DATA SEGMENT
+++++

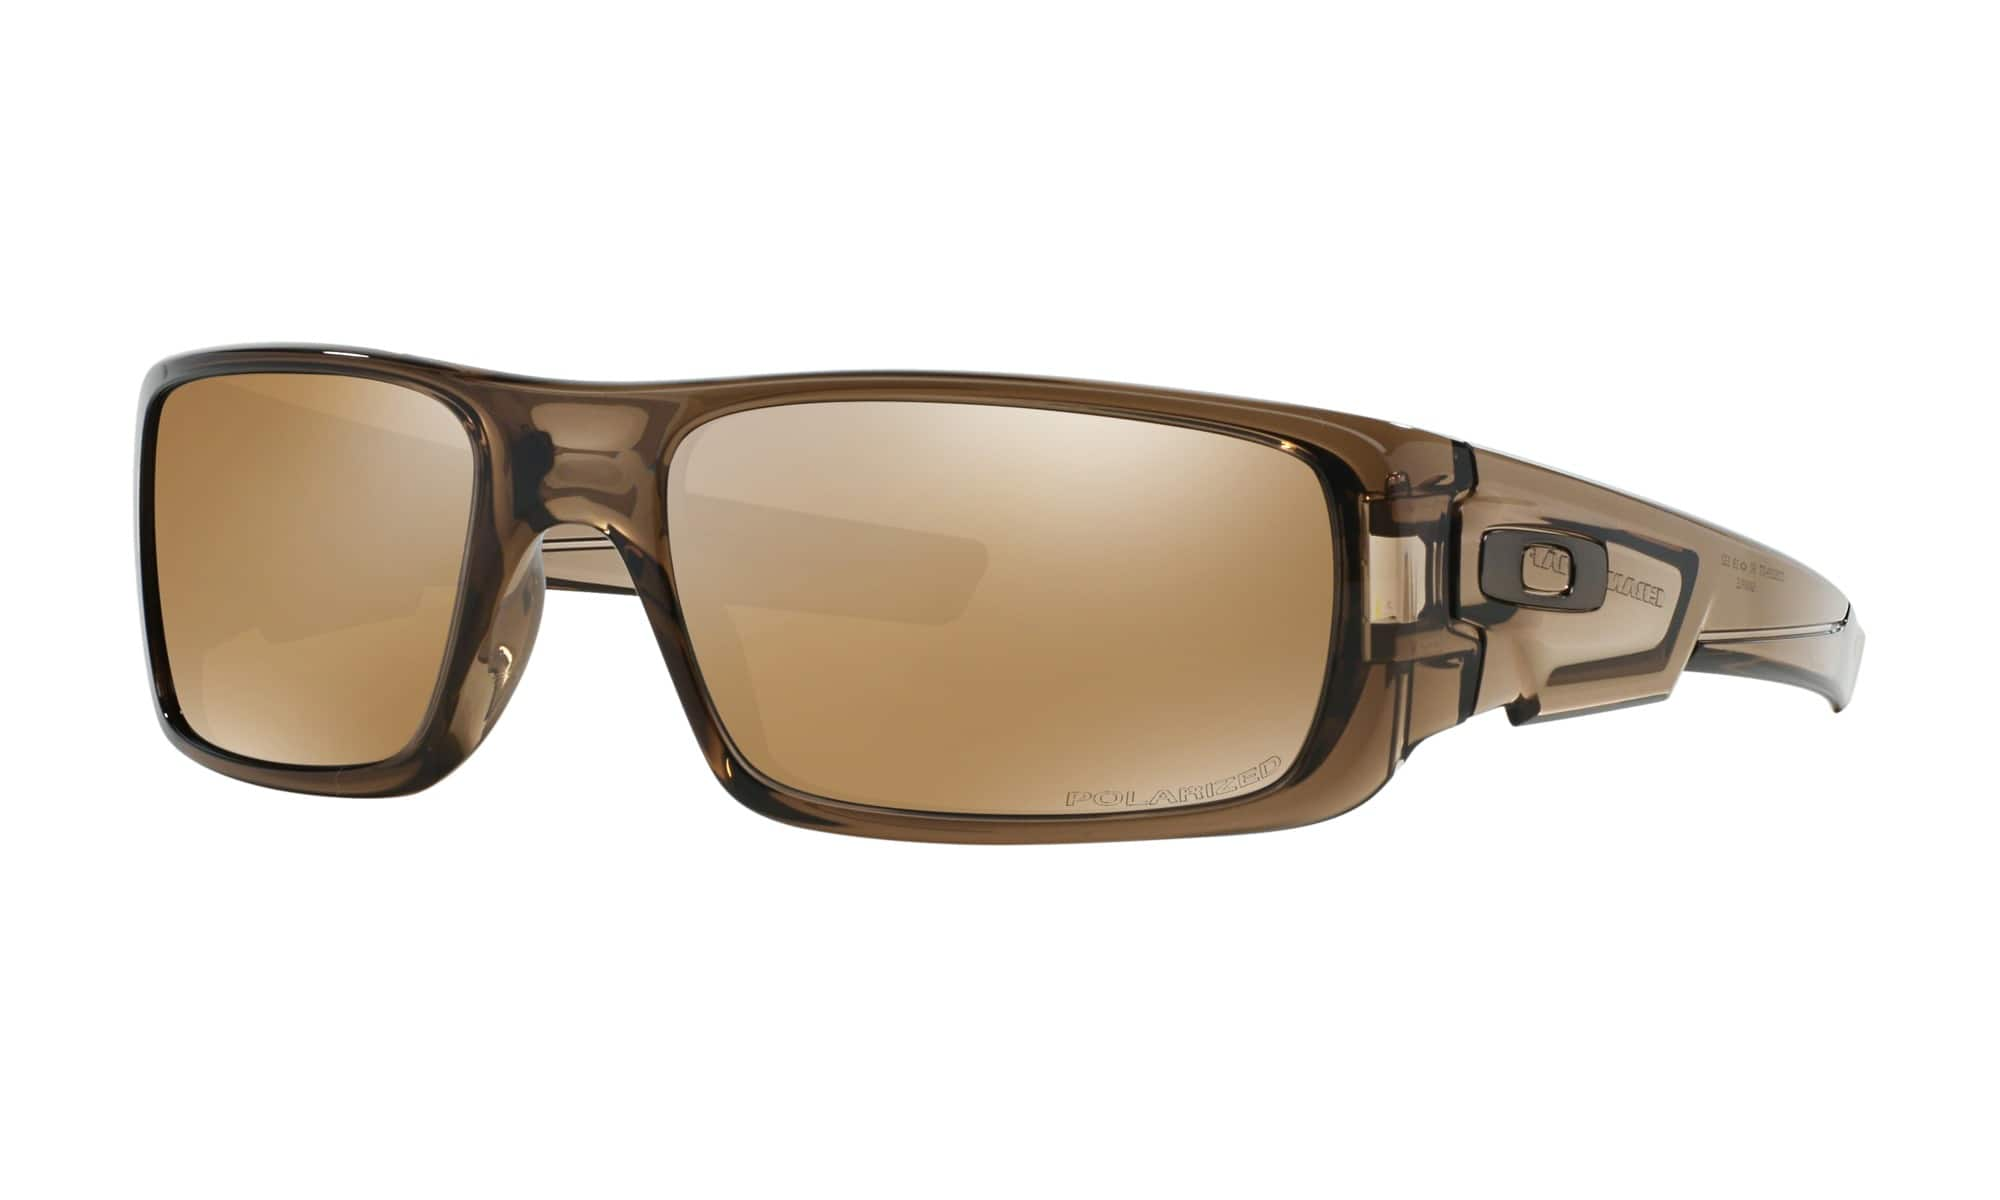 Oakley Crankshaft Sunglasses (Brown) $79.99
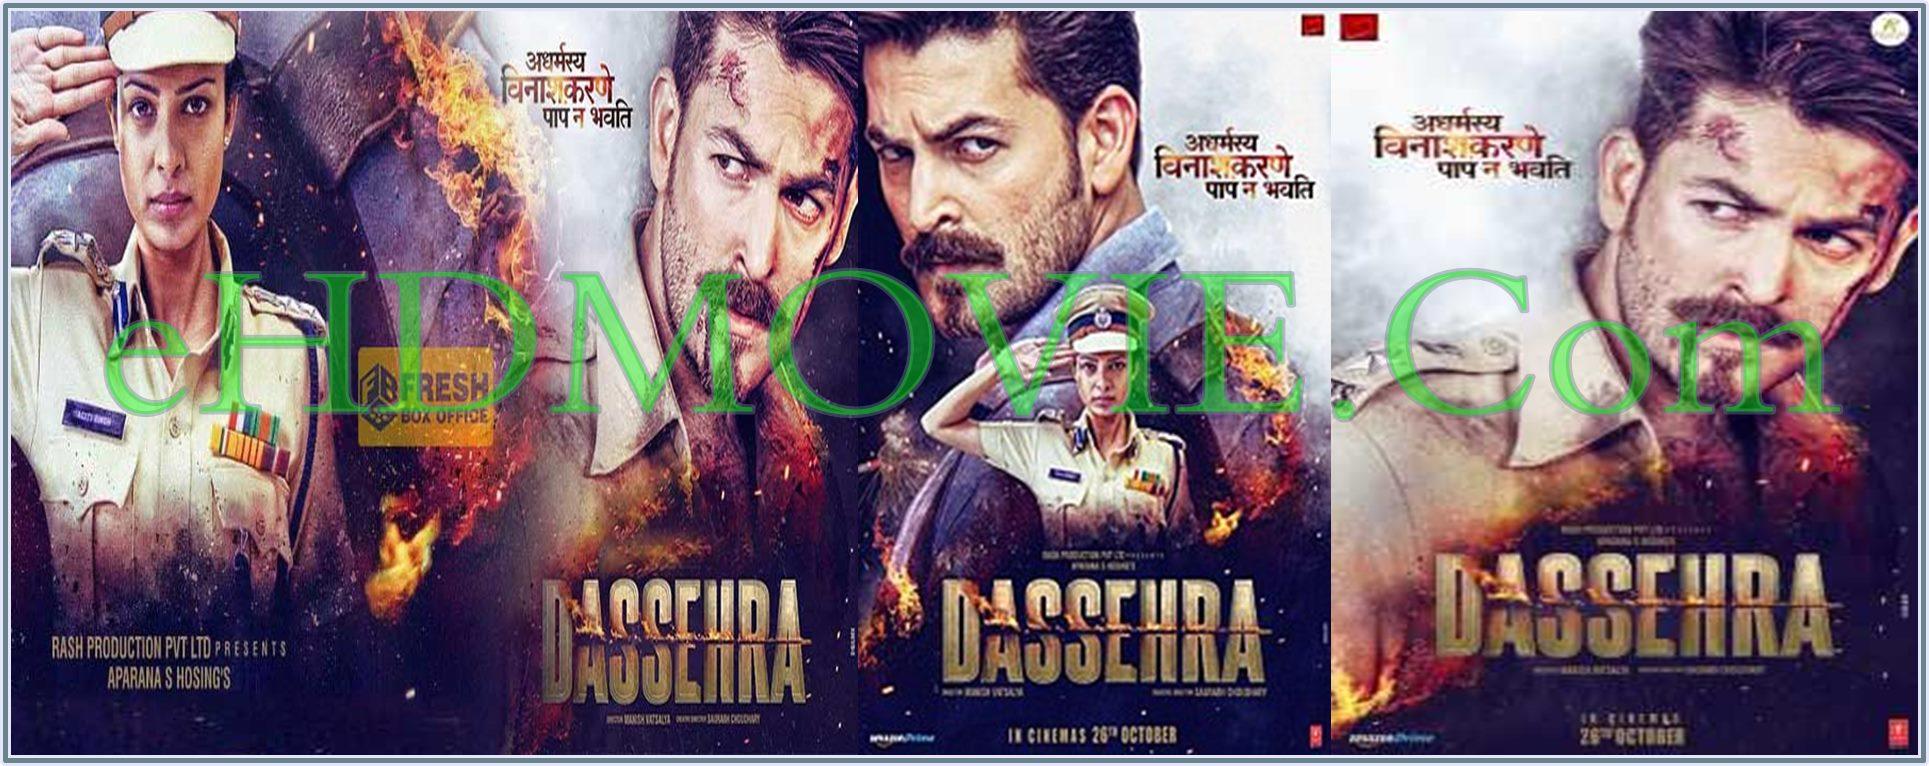 Dassehra 2018 Full Movie Hindi 1080p – 720p – HEVC – 480p ORG WEB-DL 350MB – 550MB – 1.2GB – 2GB ESubs Free Download
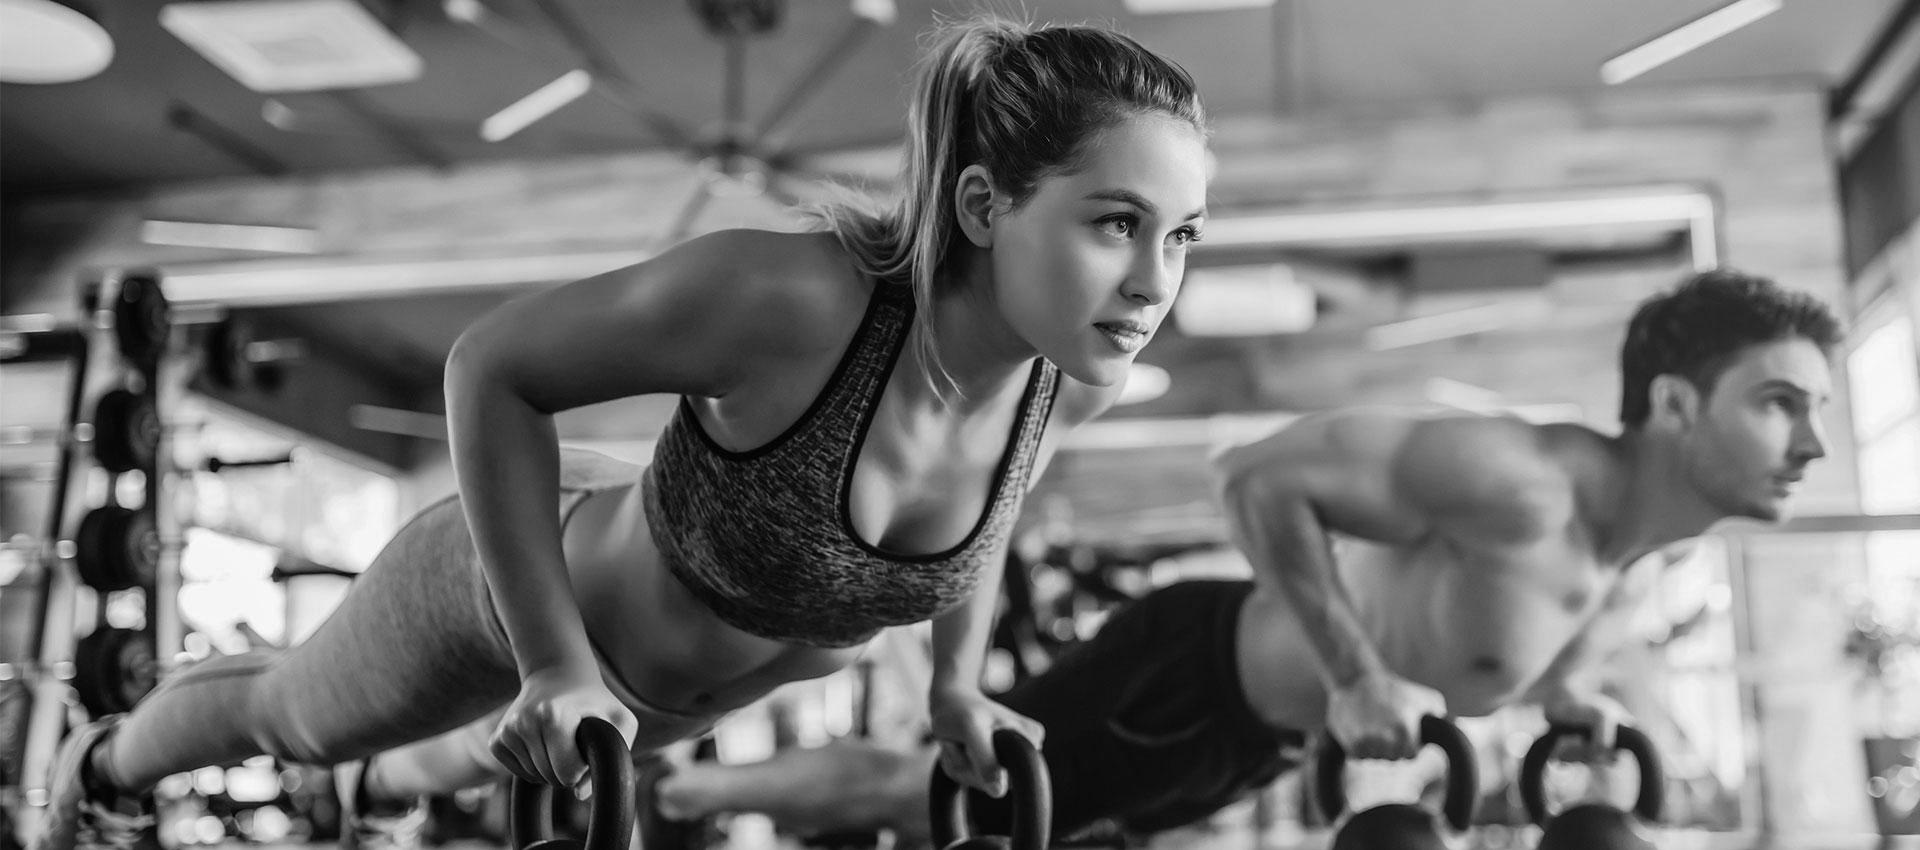 Man and woman at a gym
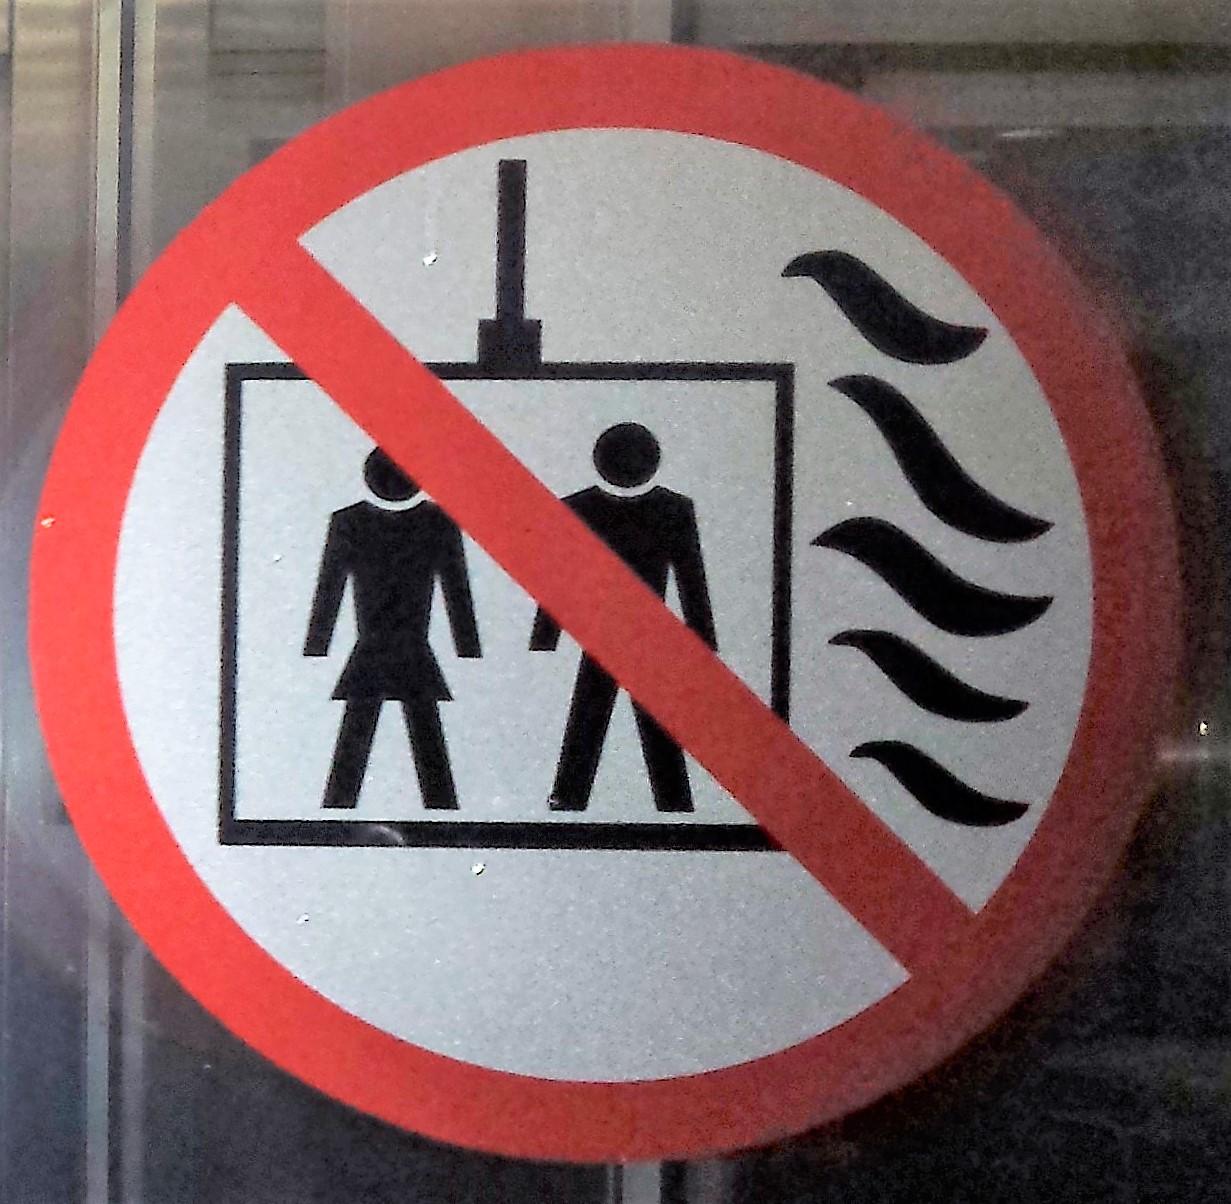 dejtingsajt varnings skyltar dejtingsajt San Jose

+++++

TASK DESCRIPTION
Give back the data verbatim. The pictures are not part of the copy.

RESPONSE TO THE EXERCISE
 Oakley Crankshaft Sunglasses (Brown) $79.99
 Dassehra 2018 Full Movie Hindi 1080p – 720p – HEVC – 480p ORG WEB-DL 350MB – 550MB – 1.2GB – 2GB ESubs Free Download
 Man and woman at a gym
 dejtingsajt varnings skyltar dejtingsajt San Jose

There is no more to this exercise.